Atwood's beautiful, haunting prose in "The Handmaid's Tale" is told from the first-person perspective of a woman called Offred (or "Of Fred," her master). The story follows Offred through her third service as a handmaiden and also offers flashbacks to her life before the Revolution that led to this new American society founded on religious fanaticism.

Read on to discover quotes from "The Handmaid's Tale" and learn more about the not-too-distant-or-improbable future outlined in Margaret Atwood's famed novel.

Freedom and Hope

Offred carries with her a certain quiet optimism that her daughter—who was taken from her when she tried to flee to Canada with her husband at the start of the revolution—is still alive, though this hope is diminished by the harsh conditions she lives under as a handmaiden, as described in Chapter Five:

"There is more than one kind of freedom...Freedom to and freedom from. In the days of anarchy, it was freedom to. Now you are being given freedom from. Don't underrate it."

In Chapter Five, Offred also speaks of her daughter, saying, "She is a flag on a hilltop, showing what can still be done: we too can be saved." Here, Offred reveals that her hope hinges upon the fact that her daughter has still not turned up on the wall where the ruling class hangs sinners near where Offred is held.
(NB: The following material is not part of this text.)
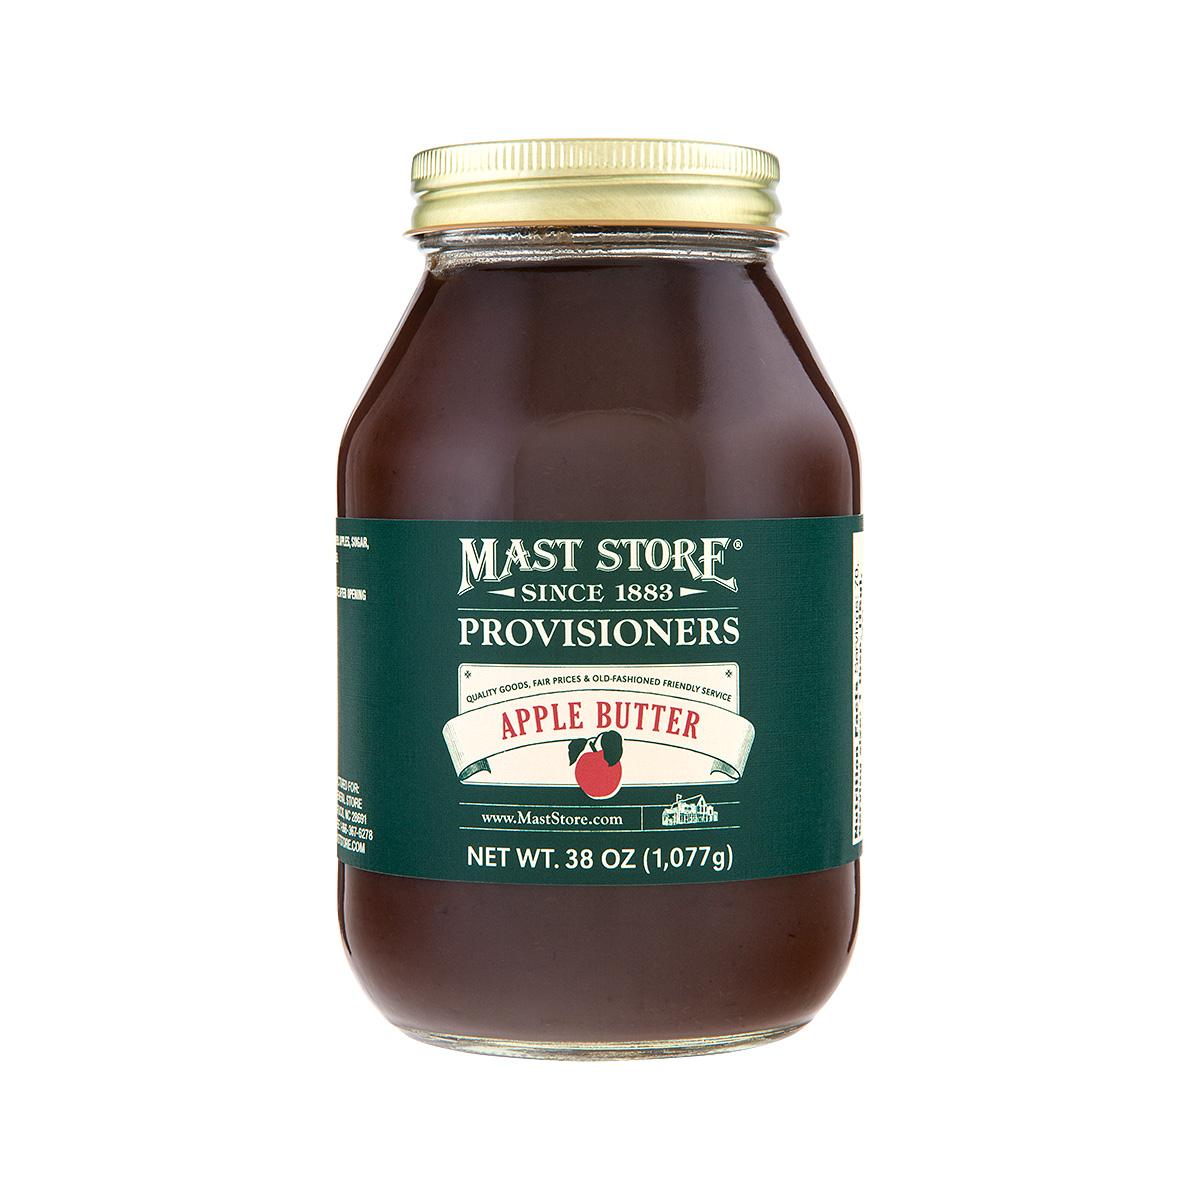  Mast Store Provisioners Apple Butter - Quart

Still, this optimism and hope is nothing in the face of the reality Offred finds herself in, and she admits in Chapter Seven that she's pretending the reader can hear her, "But it's no good because I know you can't."

Other quotes also express the desire for freedom.

"Moira had power now, she'd been set loose, she'd set herself loose. She was now a loose woman." (Chapter 22)

The Other Handmaidens

Offred seems to have contempt for her fellow handmaidens, perhaps for their complacency or their simplistic view of the world: "They are very interested in how other households are run; such bits of petty gossip give them an opportunity for pride or discontent."

Still, Offred shares similarities with all other handmaidens in that they "were the people who were not in the papers," the ones who "lived in the blank white spaces at the edge of print," which Offred said gave them more freedom.

Brainwashing and Indoctrination

All of them also undergo an indoctrination, a brainwashing ritual at the Academy where they train to be handmaidens. In Chapter 13, Offred describes a scene where the handmaidens are all seated in a circle around a woman confessing to being raped—"Her fault, her fault, her fault, we chant in unison," Atwood writes.

The woman training them, Aunt Lydia, also encourages all the handmaidens that though the new concepts introduced in their schooling may seem strange at first, they will eventually become mundane, but if not, the handmaidens would be punished for stepping out of line. One such instance is described in Chapter Eight:

"She doesn't make speeches anymore. She has become speechless. She stays in her home, but it doesn't seem to agree with her. How furious she must be now that she has been taken at her word." 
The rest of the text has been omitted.